Bug #7506

Add header to the beginning of pages content

Added by pzajda 2014-07-06 21:58:51 . Updated 2017-07-14 12:48:32 .

Status:
Confirmed
Priority:
Normal
Assignee:
pzajda
Category:
Accessibility
Target version:
Start date:
2014-07-06
Due date:
% Done:

0%

Feature Branch:
Type of work:
Website
Blueprint:

Starter:
0
Affected tool:
Deliverable for:

Description

Actually, there are headers in the content itself.
It could make the navigation easier if there was a level 1 header (h1 in HTML) at the beginning of the content of each pages, and why not, at the top of the menu and before the footer.


Subtasks


Related issues

Related to Tails - Feature #7508: Add WAI-ARIA landmarks to make the website more accessible Resolved 2014-07-06

History

#1 Updated by geb 2014-07-07 10:50:33

  • Status changed from New to Confirmed

#2 Updated by sajolida 2014-07-07 11:14:01

I need to understand better what we should do here.

Until now we have the title of the page in a and then the main subtitles of the page as

.

If I understand correctly, you are proposing to have the title of the page as

and then the main subtitles as h2. So, for example on the Documentation page we would have:

<h1>Documentation</h1>
<h2>General information</h2>
<h2>Get Tails</h2>
<h2>First steps with Tails</h2>

Unfortunately, that would require modifying all the subtitles of our website to become h2 instead of h1. So before doing that work, can you tell us if it would work for you to have instead:

<h1 class="pagetitle">Documentation</h1>
<h1>General information</h1>
<h1>Get Tails</h1>
<h1>First steps with Tails</h1>

Even if this is a bit less correct semantically speaking, this would be much easier to fix. But I need you to tell me if that fix the problem you describe.

#3 Updated by pzajda 2014-07-07 12:36:17

Yes. For me, it seems to be a good compromise to find the main content of the page.
If h1 would be used to locate menu and footer too, finding the footer will stay a little bit long to find because we’ll have to pass all others level 1 titles before.
But if quick navigation links and/or landmarks could be implemented too as suggested respectively in Feature #7507 and Feature #7508 this little problem won’t be one anymore.

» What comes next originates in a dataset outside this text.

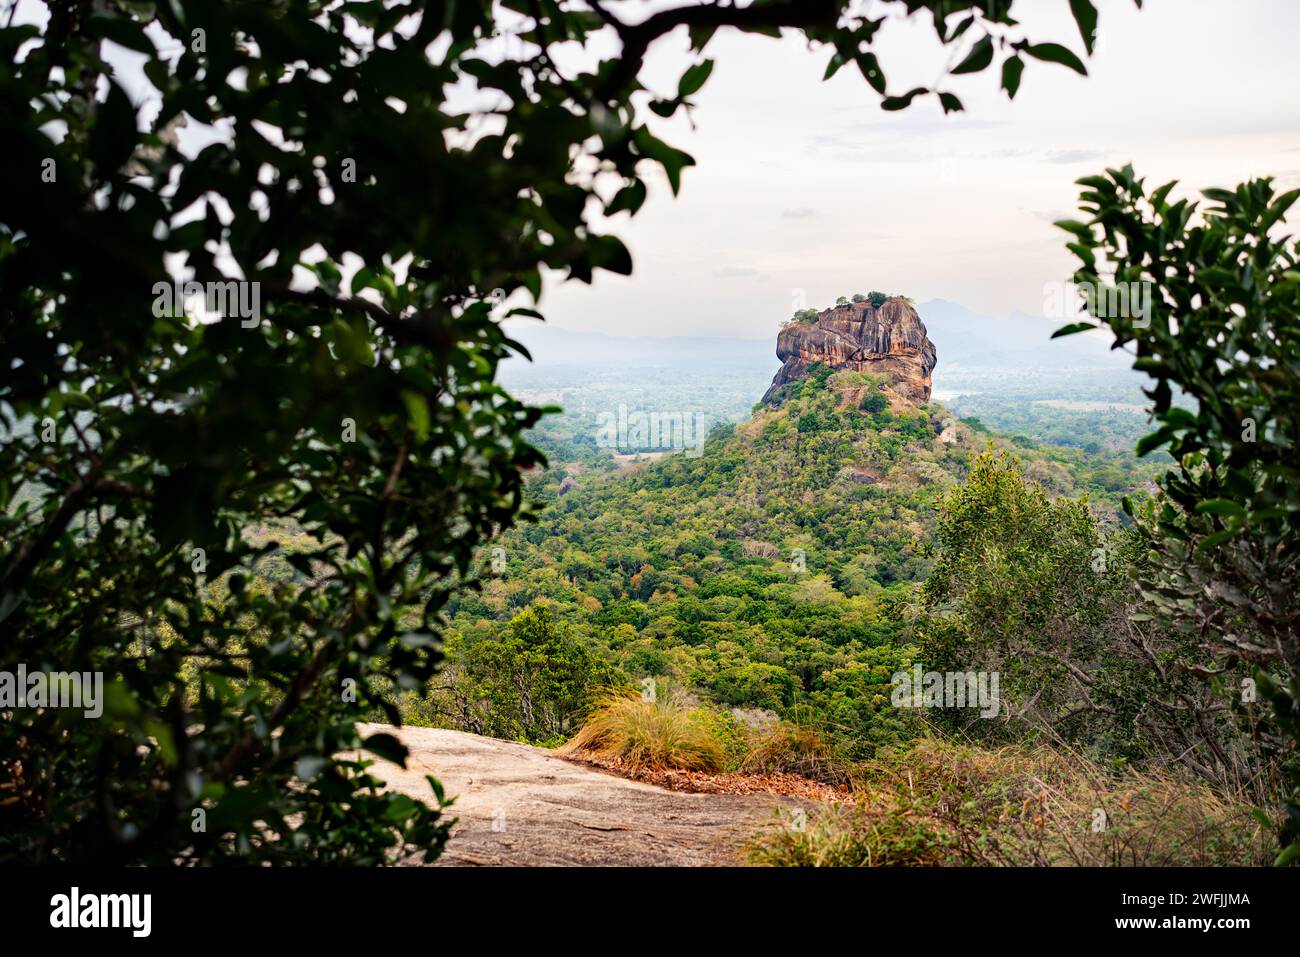 Sigiriya, Sri Lanka. Lion's Rock de la montagne Pidurangala. Voyage à Dambulla, Srilanka. Tourisme dans le site du patrimoine mondial. Trekking en forêt verte. Banque D'Images

#4 Updated by pzajda 2014-08-19 12:31:34

  • Assignee set to pzajda

#5 Updated by sajolida 2014-08-21 10:09:37

  • related to Feature #7508: Add WAI-ARIA landmarks to make the website more accessible added

#6 Updated by sajolida 2014-08-21 10:14:08

Same as Feature #7508 here, make sure to modify the ikiwiki template in a
minimal way. And then see if those improvements would be relevant for
ikiwiki in general.

#7 Updated by pzajda 2014-08-25 17:55:06

Things seem to be more complicated than I though, because using a screen reader, we have the title before the search box.
I didn’t noticed that before, I remembered the title was conveniently located just above the content.

It is because the span tag is before the search box HTML code.
For a screen reader, if a piece of code is before another, it is because it has to be presented before it, even if the style sheet specifies another location.
I can replace span by H1, and moved the code to be better for screen readers, but it could change the layout, which I can’t check myself.

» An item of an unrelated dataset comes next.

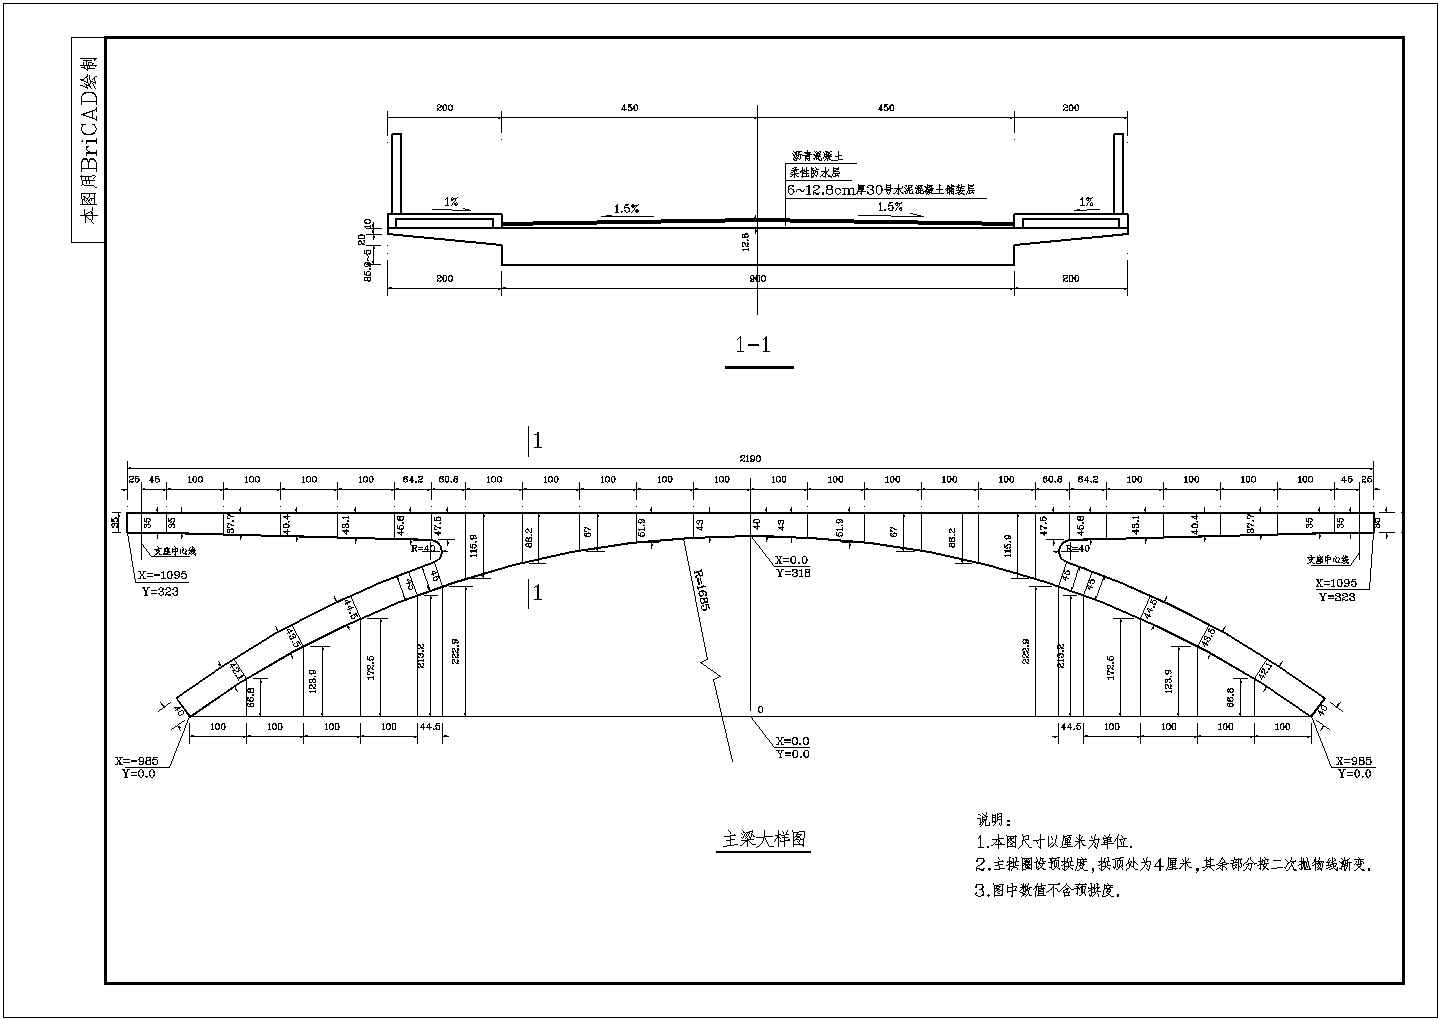 某跨度为44m斜腿刚架拱桥设计图纸

Another point is if I have to create/modify a style class, the same problem is here.

I think about it… But if someone has an idea, I’m interested.

#8 Updated by sajolida 2014-08-30 10:15:13

  • Starter changed from Yes to No

At the moment we have:

  • div.banner
  • div.page
    - div.pageheader
    - div.sidebar
    - div.pagebody
    - div.footer

As you said, we could as well move the sidebar to another place. Then I don’t mind making sure that the layout still works.

But then that wouldn’t be a minor change to our template anymore. And I think that at that point it would be good if you could provide external references to how should a webpage be structured in terms of code for screen readers. Maybe the W3C have recommendations for accessibility regarding this. If we have such document at hand we might be able to argument in favor of this to ikiwiki upstream.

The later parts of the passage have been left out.